Made it back home!
Thanks for posting, Mike!
I could'nt find a solenoid or pressure sensor (without waiting a couple days). I pulled the pan, disassembled solenoid, cleaned solenoid and sensor, adjusted bands, filter and fluid, and new speed sensor. The pan was full of soft material, and this clogged solenoid. The filter was nasty too, but fluid was'nt too bad. This cured the problems, so we headed to mexico. On the way out, just south of Ensenada, the transmission quit and would'nt engage at all. Of course this was a nasty detour, single lane, and a ton of cars behind me going to Ensenada on a saturday night to party. I cycled the ignition and the transmission went into gear... . for 20 yards! Did this again, and went another 20 yards. Repeated drill several times, and made to the nastiest silt bed of a turnout. Pulled a motorcycle out of the trailer for my buddy to ride to town, and he picked up a filter and fluid. I pulled the pan and cleaned solenoid and sensor, and found the throttle valve return spring undone. We got it going and the truck made it another 5 miles before transmission started to act up again. Pulled into a motel and spent two days going through electrical connections, settings, more fluid ... etc. Drove it home slowly and it worked well, except it did'nt want to drop into first at stops.

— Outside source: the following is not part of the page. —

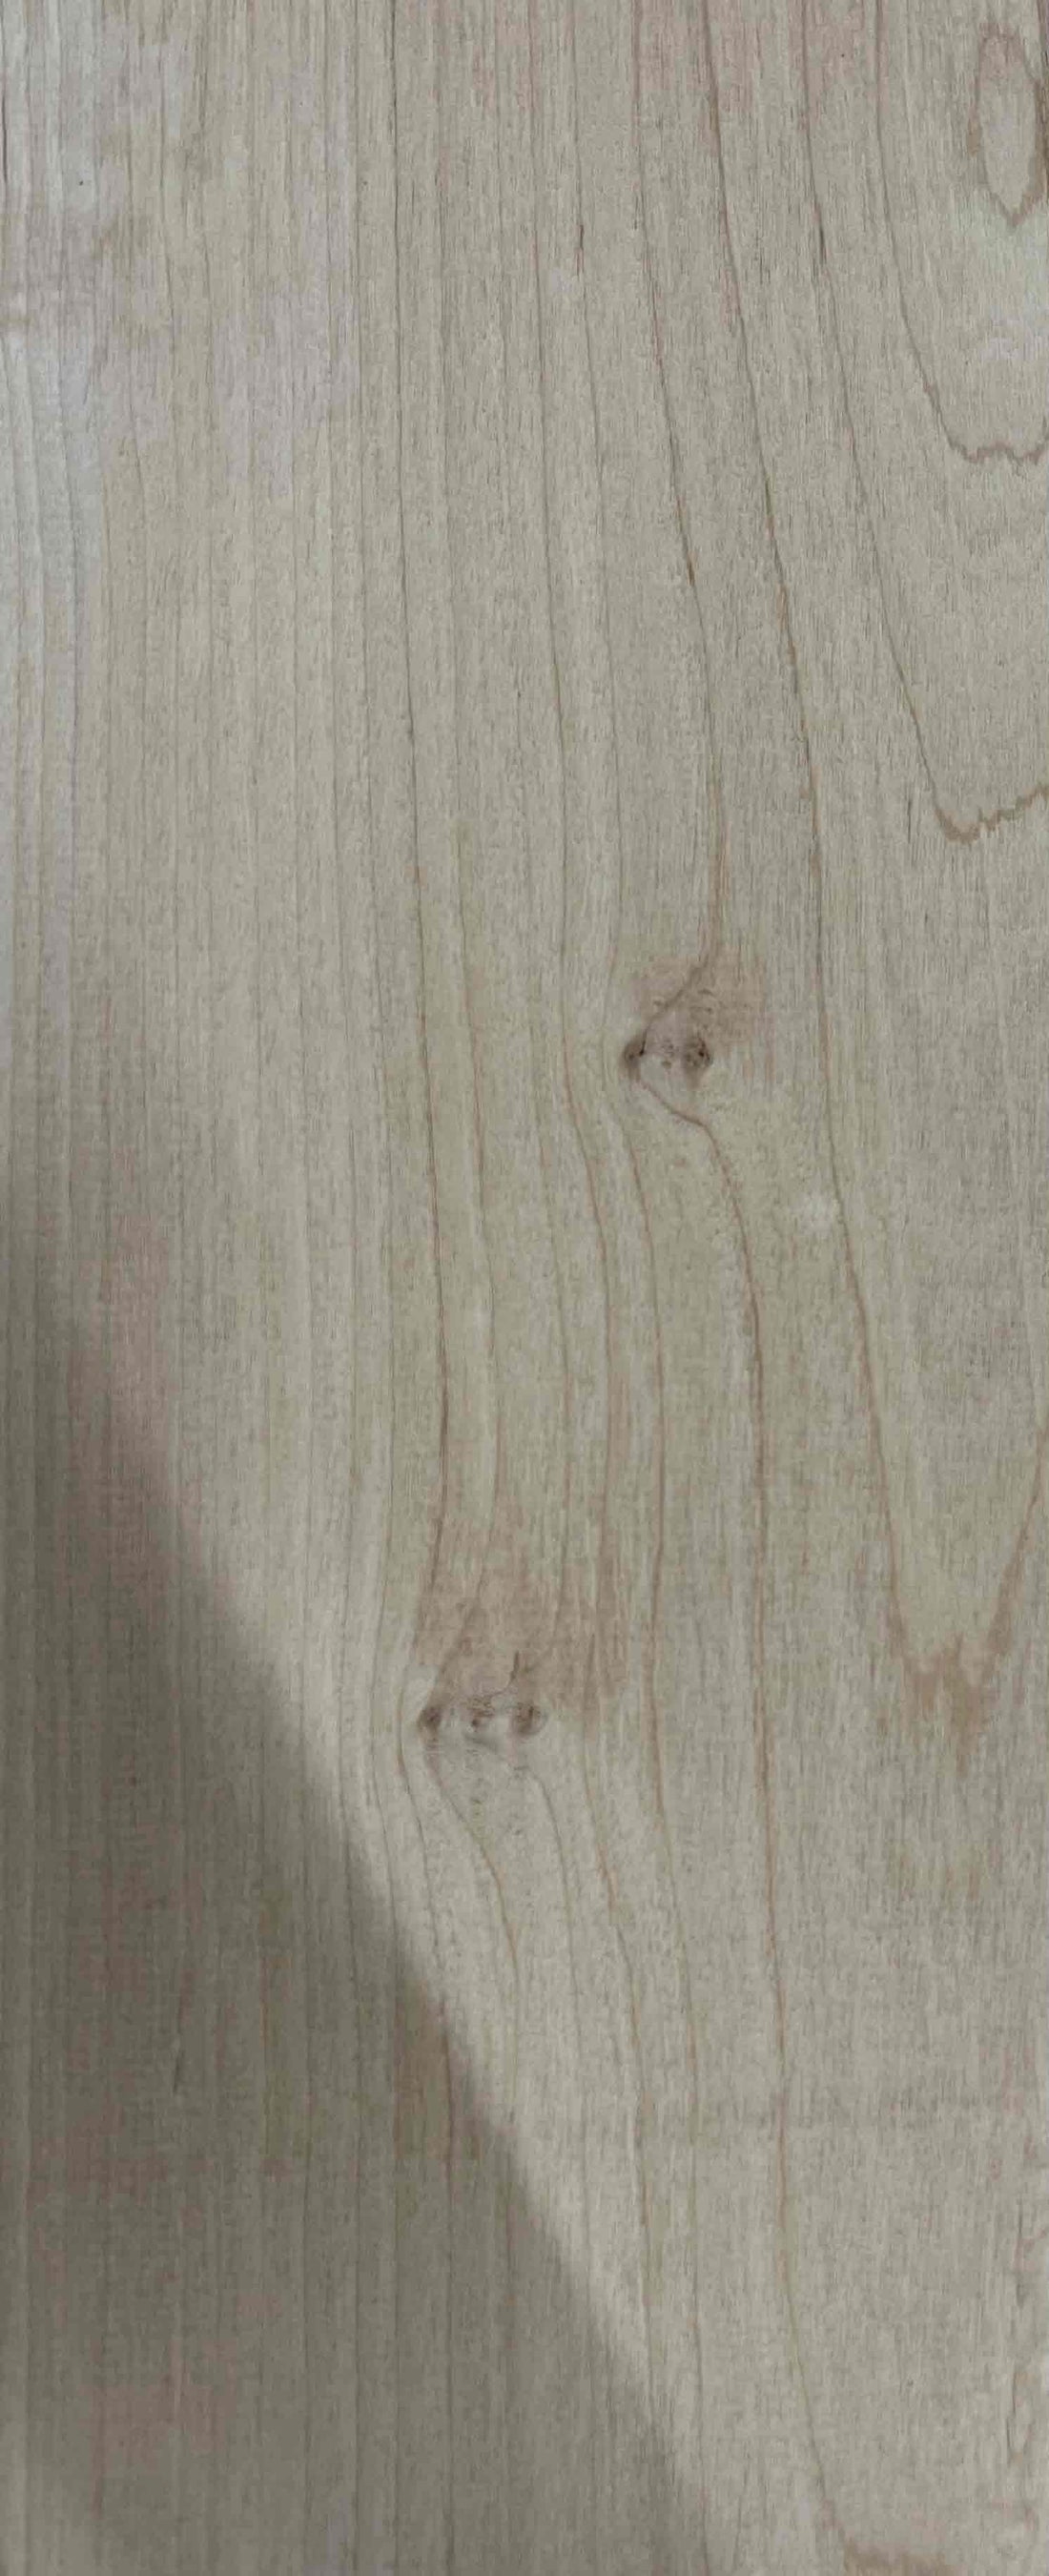 Premium American Hardwood Alder 8/4 Lumber - Exotic Wood Zone - Buy online Across USA 
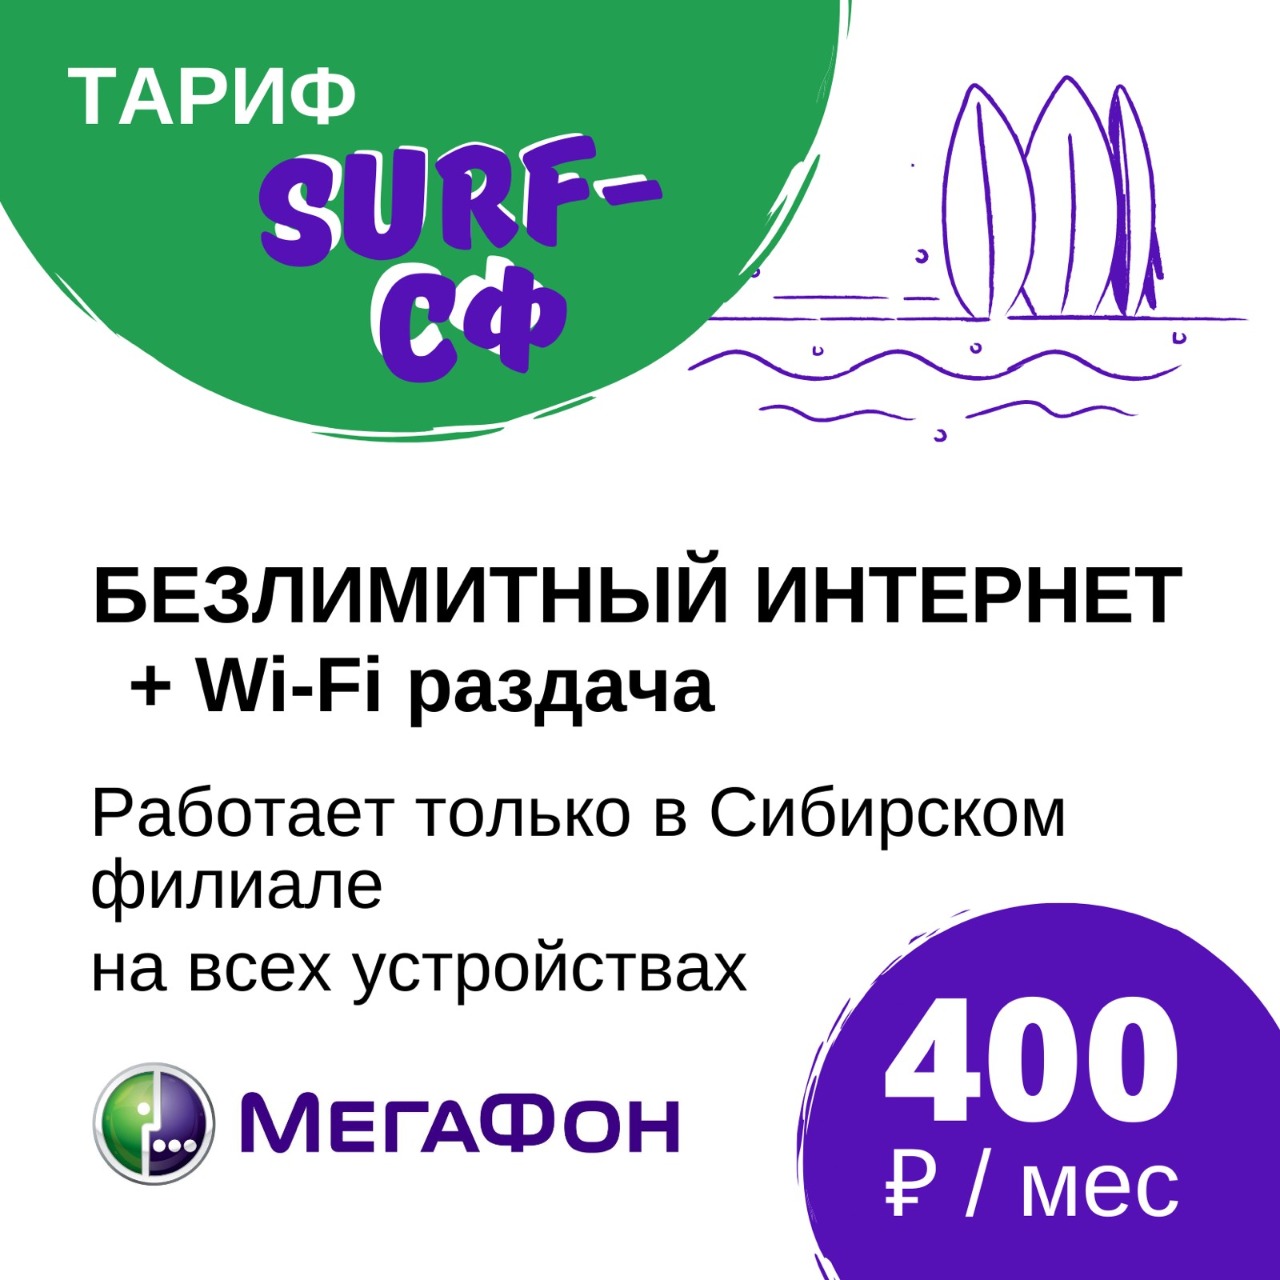 Саяногорск Инфо - whatsapp-image-2020-08-21-at-114743.jpeg, Скачано: 470

I talked with Bill Kondolay (DTT), and he had me put my transmission voltage regulator to it's lowest setting and adjust my throttle valve cable so that it was at full stop when the throttle was at full stop. Last night I checked the speed sensor, and it had continuity between the prongs, so I pulled it and replaced with original sensor. The magnetic tip was covered in soft dust/ shavings. Took her for a spin and all was well... . until I decide to "punch it!". Now the transmission would'nt go into O. D. , and it was hunting in and out of second/third, and CEL came on. Pulled the only code3... 1693/ companion code. I limped it home and put it to bed for the night.
Today I found . 002 to . 004 resistance in battery gound to body on both batteries. Scraped, cleaned, dialectric greased everything. Then I remembered the last thing I did before the trip was to run a positive lead from th etruck batt's to the camper battery. I had previously unhooked the positive lead from the truck batt's to the camper battery in order to rule that out of the equation, but when I checked for continuity between the truck batt's and this hot lead to the camper battery I found it had some! Oh yeah, the neg. from camper battery was still hooked up to the ground on the frame! Removed neg. wire from camper battery to frame, and the continuity is gone. One strange thing I found today was when I checked for voltage on the ground wires on pass. side batt. (smaller black with tan tracer wires- unplugged from batt. ) I found they had a + . 55 volts... . Bad wiring harness?
I'm taking it down to my office right now for a test... . fingers crossed.